Hal Colebatch
conducted by Toni Weisskopf
 
September 2005

Australian Hal Colebatch is a writer, journalist, editor and lawyer. He not only writes stories for Larry Niven's Man-Kzin Wars series (including several in Man-Kzin Wars XI coming out in October 2006), but also poetry, nonfiction and political commentary. He was awarded the Australian Centenary Medal in 2003 for services to writing, poetry, the law and political commentary.

He has been admitted to practice in the Supreme Court of Western Australia and the High Court of Western Australia as a barrister and solicitor and admits, finding time for writing "is sometimes difficult."

He got started writing early, and his parents started him off on the right foot. "When I was a small child my parents and grandparents read to me, gave me books, and made sure I loved literature and stories. They read to me, and encouraged me to read, all sorts of things--poetry, science, the classics ... I really began to think of myself as a 'writer' in my final year at Leederville Technical School, when I met others who were interested (also girls I wanted to impress! I was quite a good basketballer but basketball wasn't big-time where I was, so I had to do something). I then began work as a cadet reporter on the local paper. I began to get poetry published in various literary magazines, and built up from that. I am glad I did not go straight to University. Early influences included Kipling, Evelyn Waugh, G. K. Chesterton, H. G. Wells, Arthur Ransome. Later William Golding, Tolkien, Poul Anderson, C.S. Lewis ... but the list goes on and on. Of course, there can be a difference between a writer one admires greatly and a writer who influences one."

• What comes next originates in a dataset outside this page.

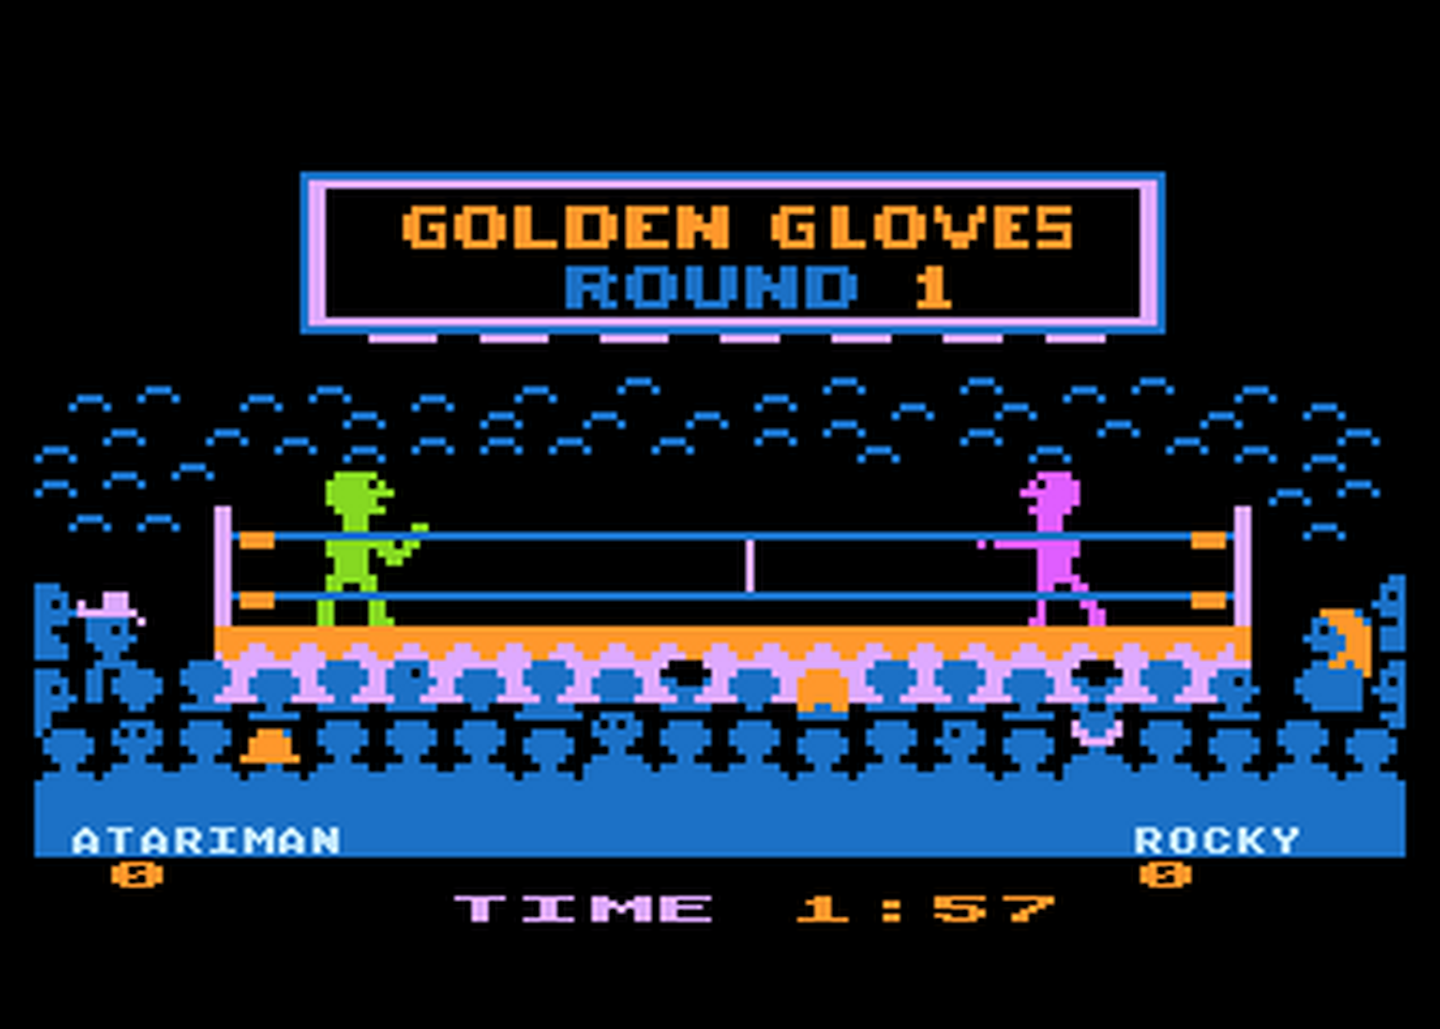 Atari GameBase Golden_Gloves Artworx 1982

Among that list of greats, Colebatch also read some science fiction early including, H.G. Wells' "The Time Machine as a young teenager, certainly." " The first Larry Niven story I read was The Soft Weapon."

Even though he is well published in other fields he likes writing science fiction for several reasons. "I enjoy writing novellas, long short stories. SF seems the only market for them now. I think in SF you can do everything you can in a mainstream novel, and more. Also, I think it's the most alive literature today: go into an SF-Fantasy bookshop or convention, and you find knowledgeable, enthusiastic people who are having a literary experience--you don't get that with much so-called 'mainstream' literature now.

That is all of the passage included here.